Hebrew is a world of becoming. Even the ‘olam ha’ba is becoming. It approaches as we bring about righteousness in the world. We are becoming human because we are becoming repentant as we become observant. We are truly “works in progress.” With this shift in mind, you and I can look back over our lives and ask, “Does my past demonstrate that I am becoming a new creature resembling the character of YHWH?” If you discover that your history travels over the same ground again and again, you might want to consider very carefully the journey of the Israelites in the wilderness. Forty years going over the same ground because they refused to become the people God elected them to be.
“It is by one’s actions that the true nature of the heart is revealed.”[2] In Hebrew it is not possible to have faith in your “heart” but not in your hands and feet.
I love this!! It is so helpful. Thanks.
Thanks so much Skip! “Torah on my heart” and “Unity in Marriage” are two themes that have been in my thoughts this week. As I pondered them though, I didn’t get the connection. Thanks for connecting the dots, again.
Hey Skip,
I’m sitting in my armchair this morning pondering what you are saying here and wrestling with what Torah observance practically looks like in our American culture today. I’ve now finished up a year of sex addiction counseling and so much of what I’ve learned to do aligns with what you continually outline, especially in this update regarding repentance. I’ve “repented” 1001 times about my behavior over the years and it has not changed my life. I’m learning obedience through suffering, though, and I’m now I’m beginning to live a lifestyle of repentance by finally submitting my fear to Jesus and trusting Him to bring comfort as I obey His commands and trust His promises.
I’m learning the value of being obedient to Gods way of life as I see outlined in the NT and it has dramatic results on my behavior and living free from broken, wounded, sinful patterns of living. I really want to expand my scope of understanding and applying Torah, living in obedience to Gods way of life as outlined in Torah, but I’m struggling to make practical application of the Law. I know the heart of the Law is fulfilled in me as I allow Jesus to live in and through me, but I want to see in scripture a more clear picture of what I can anticipate seeing in me as I continually live a lifestyle of repentance through obedience to Jesus.
Philosophically I feel very aligned to so much of what you teach; I’m just struggling to make practical application of what I read in Torah.
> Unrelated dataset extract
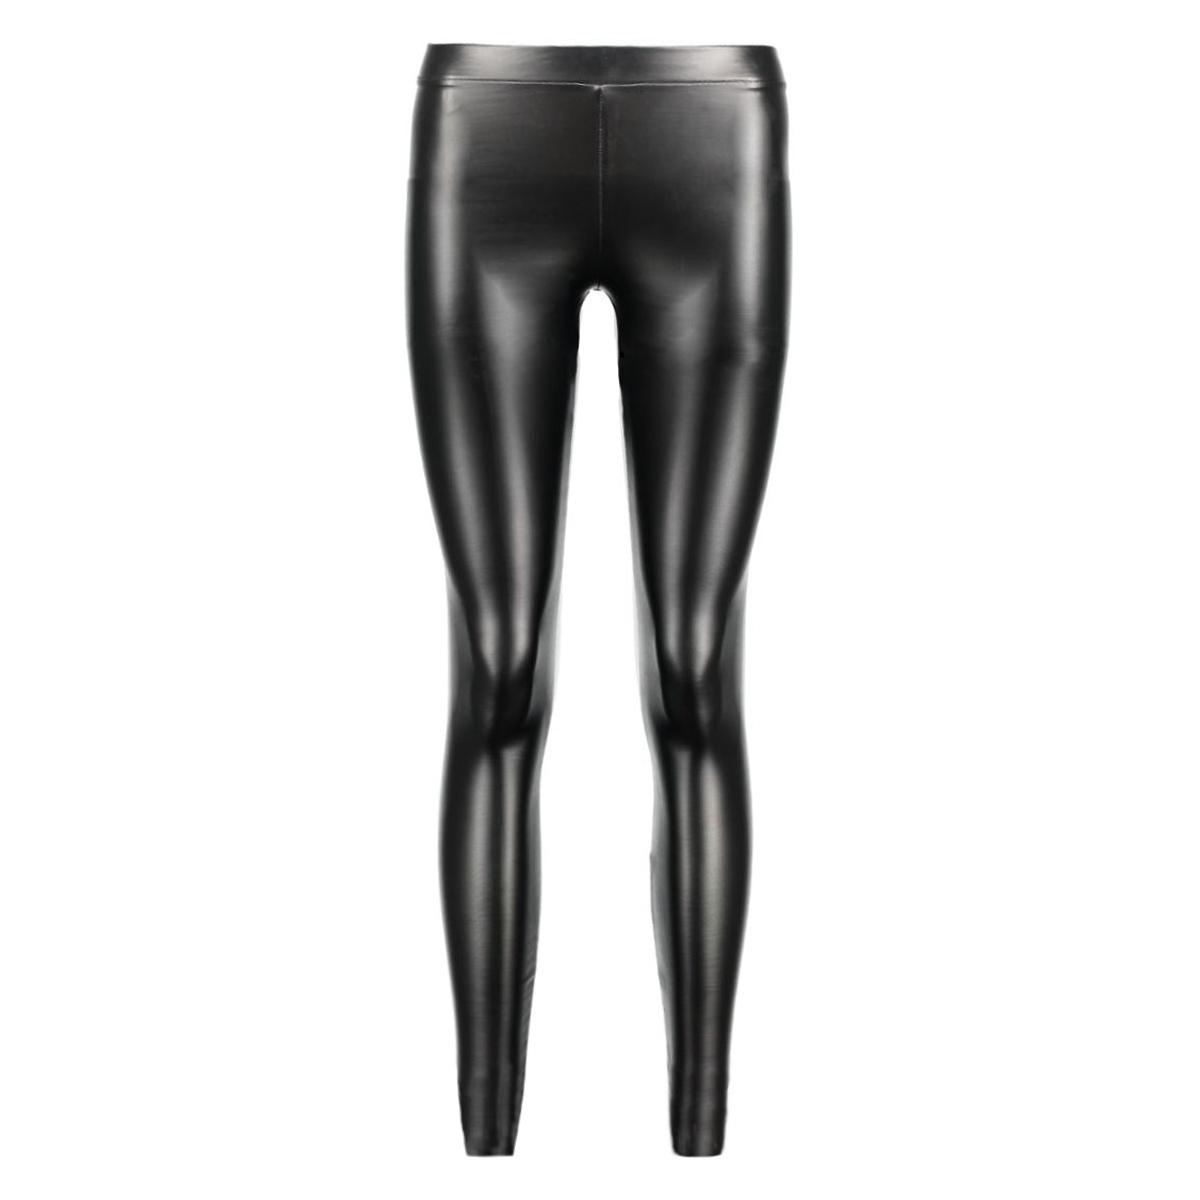 jdylaila black leggings 5 jrs 15123666 jacqueline de yong legging black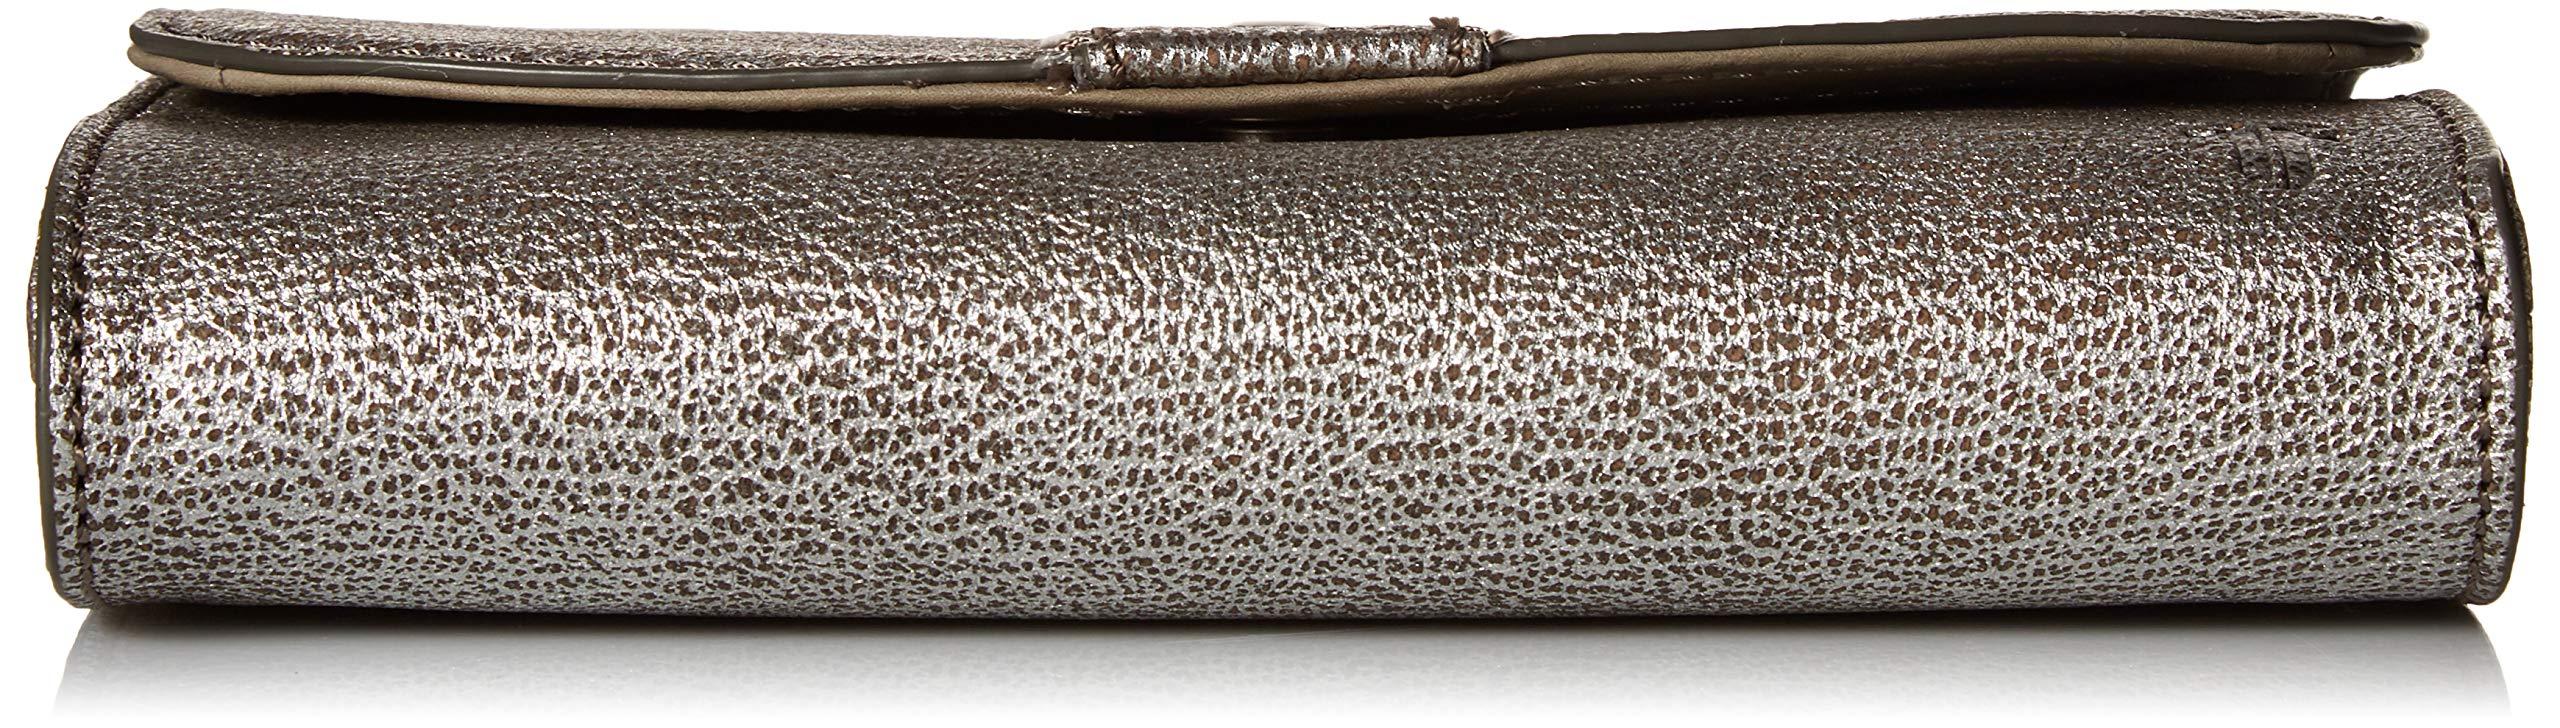 FRYE Melissa Wallet Crossbody Clutch Leather Bag, silver by FRYE (Image #4)

Could you point me to some helpful resources? I’m also wondering if you could add to Today’s Word some practical examples of what it looks like to be Torah observant in our culture and how you are learning to become human and married in our severely wounded, independent, addicted, and entitled society?
I know that this is a very late reply to your study of “An Incomplete Life” but I saw a definition about complete and finished that I thought you might enjoy.
” When a man finds a good woman and marries her he is complete.
When a man finds a bad woman and marries her he is finished.
When a good woman finds her man with a bad woman he is completely finished.”